■ TO DO
Please return exactly the lines below that run from the line with "وظائف وزارة الصحة" through the end of the listing, both included, but not the pictures.

■ PROVIDED DATA
================================

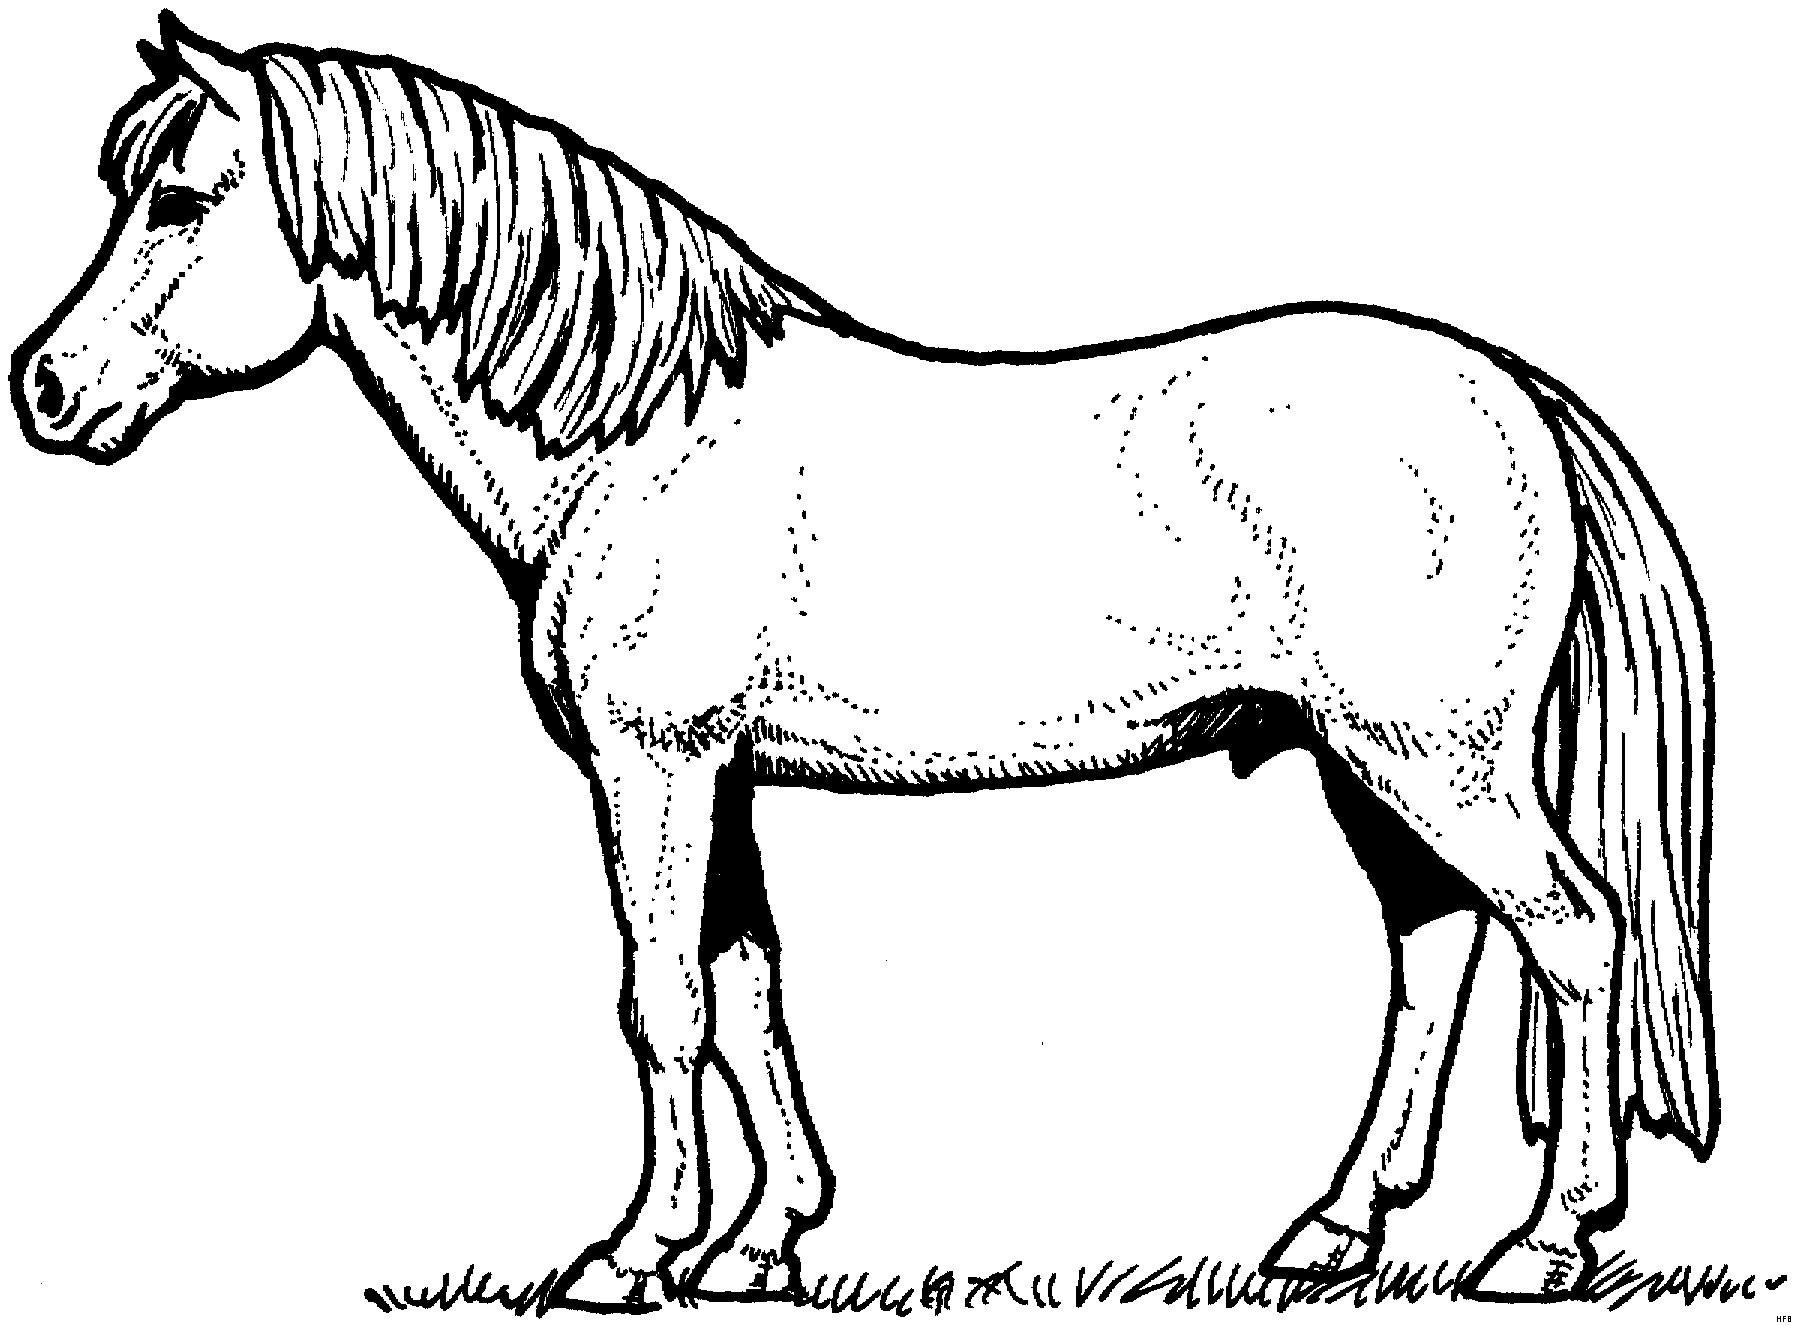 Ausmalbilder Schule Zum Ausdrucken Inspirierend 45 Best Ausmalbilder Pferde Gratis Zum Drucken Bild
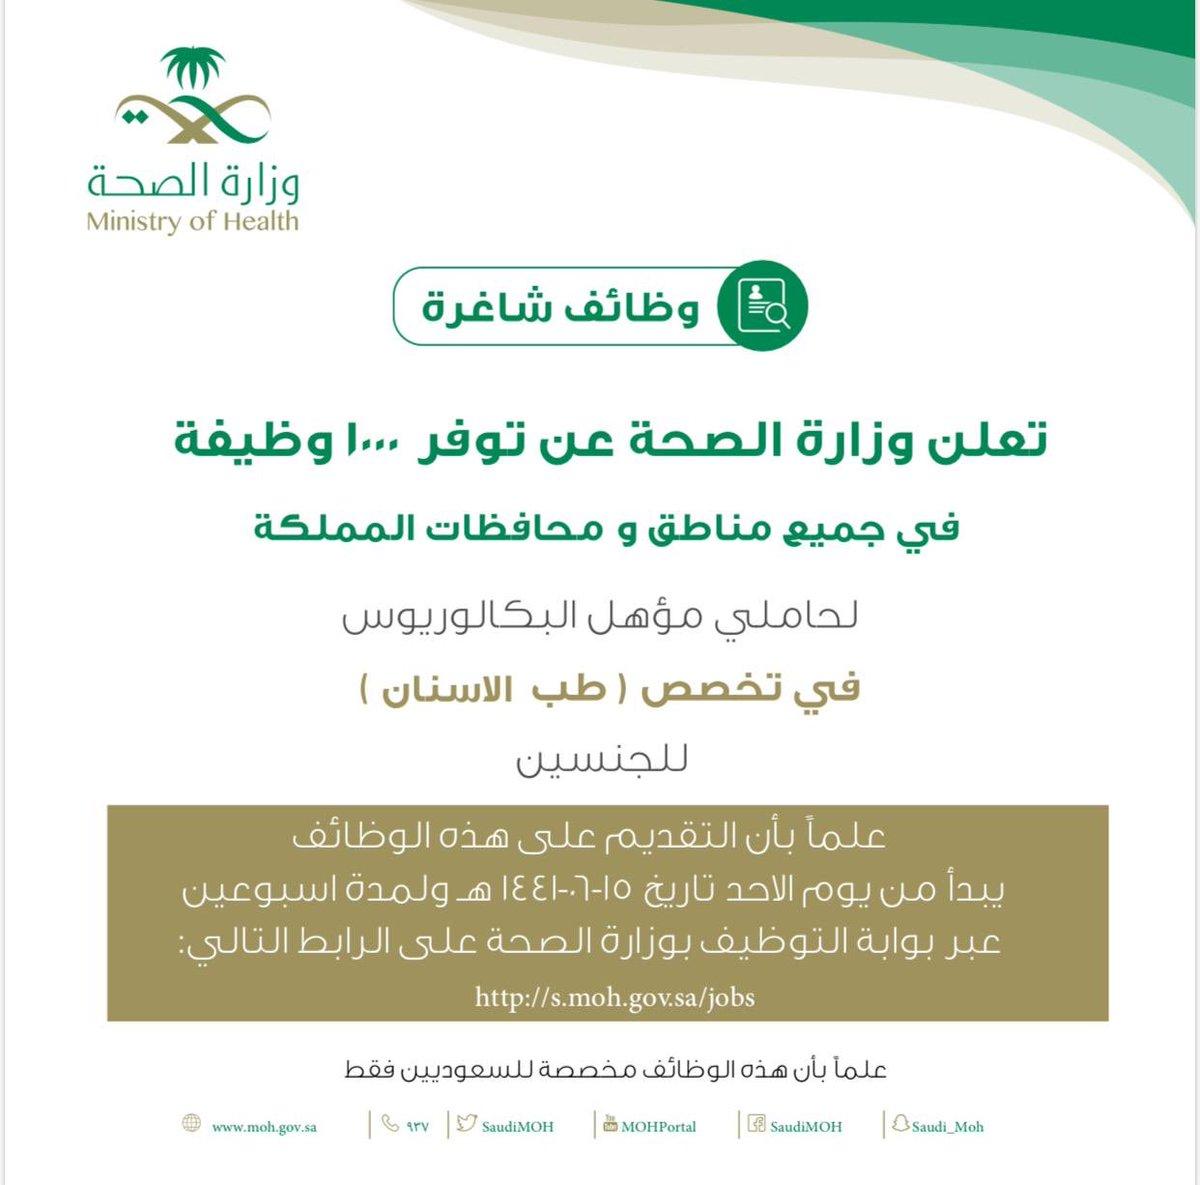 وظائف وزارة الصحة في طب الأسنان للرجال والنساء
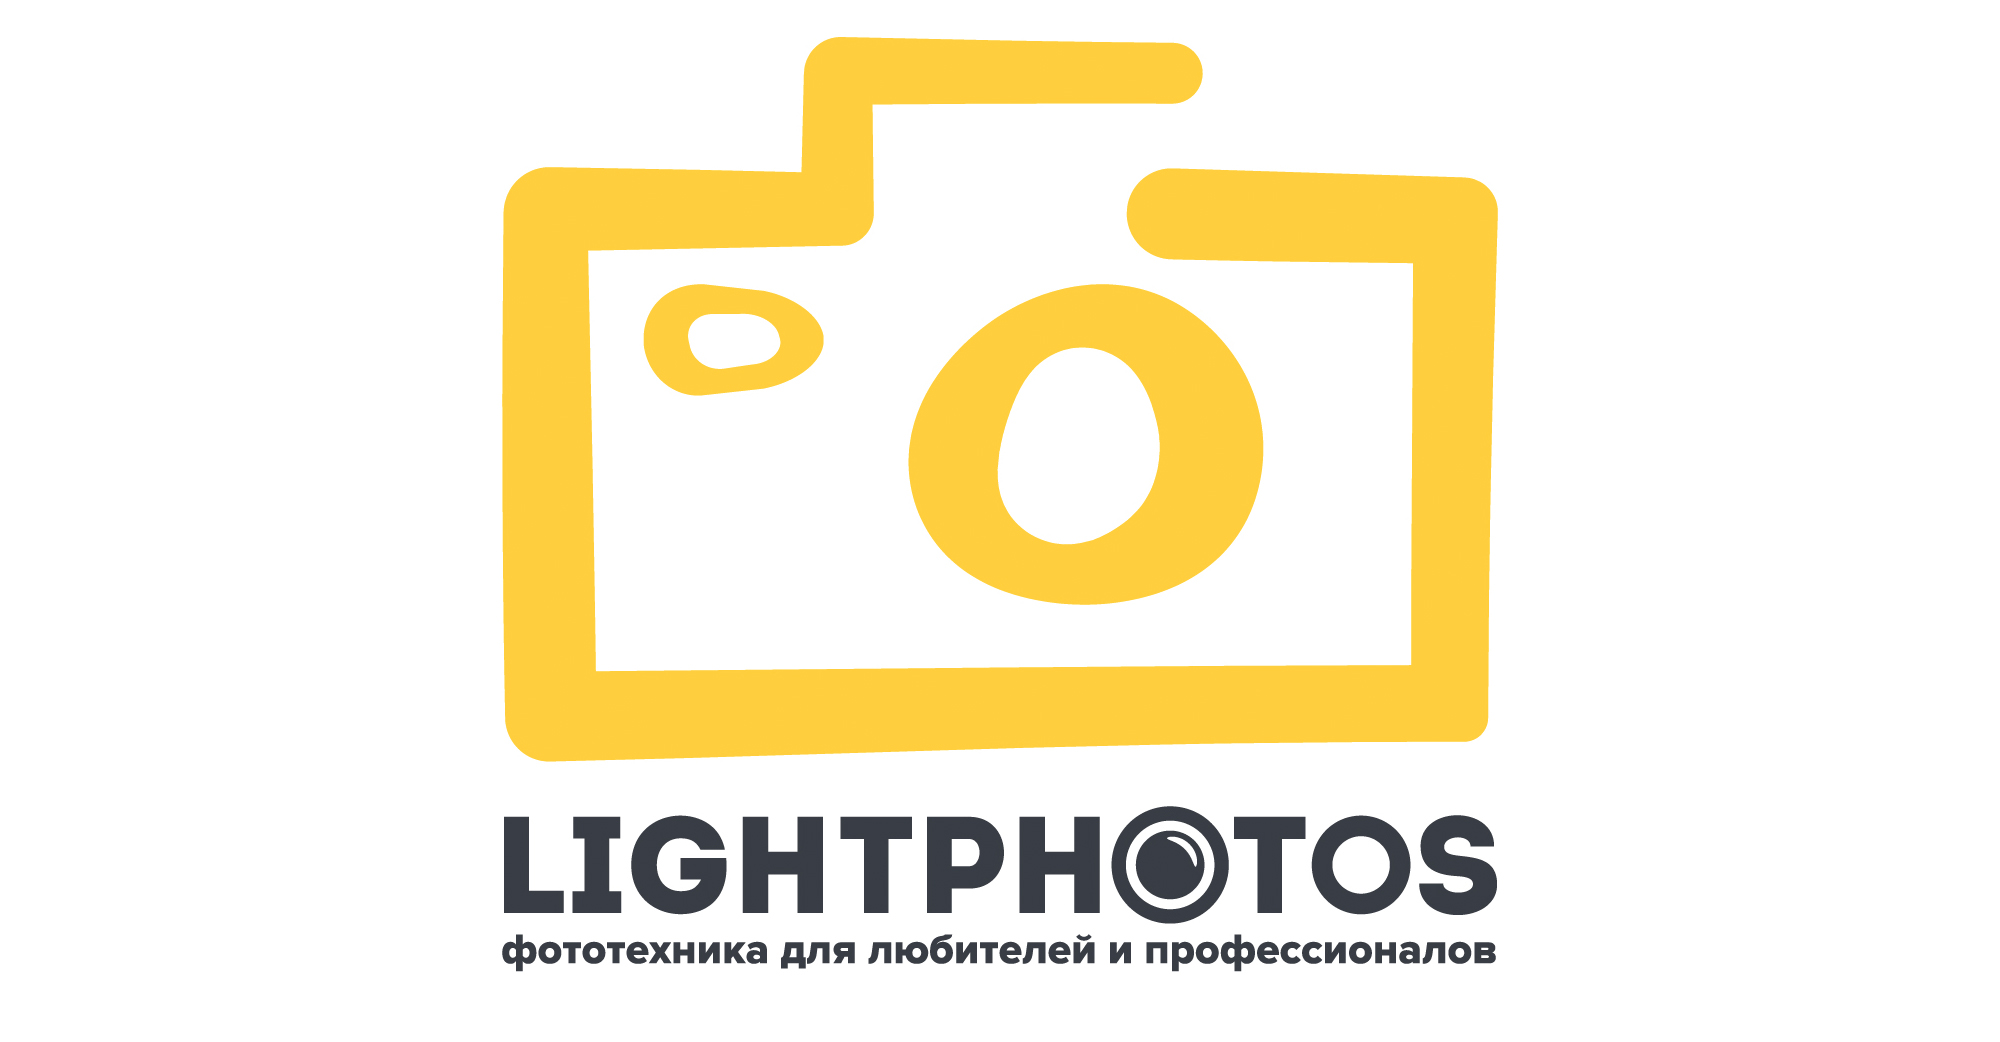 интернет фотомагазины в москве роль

================================

■ EXERCISE RESPONSE
 وظائف وزارة الصحة في طب الأسنان للرجال والنساء
 интернет фотомагазины в москве роль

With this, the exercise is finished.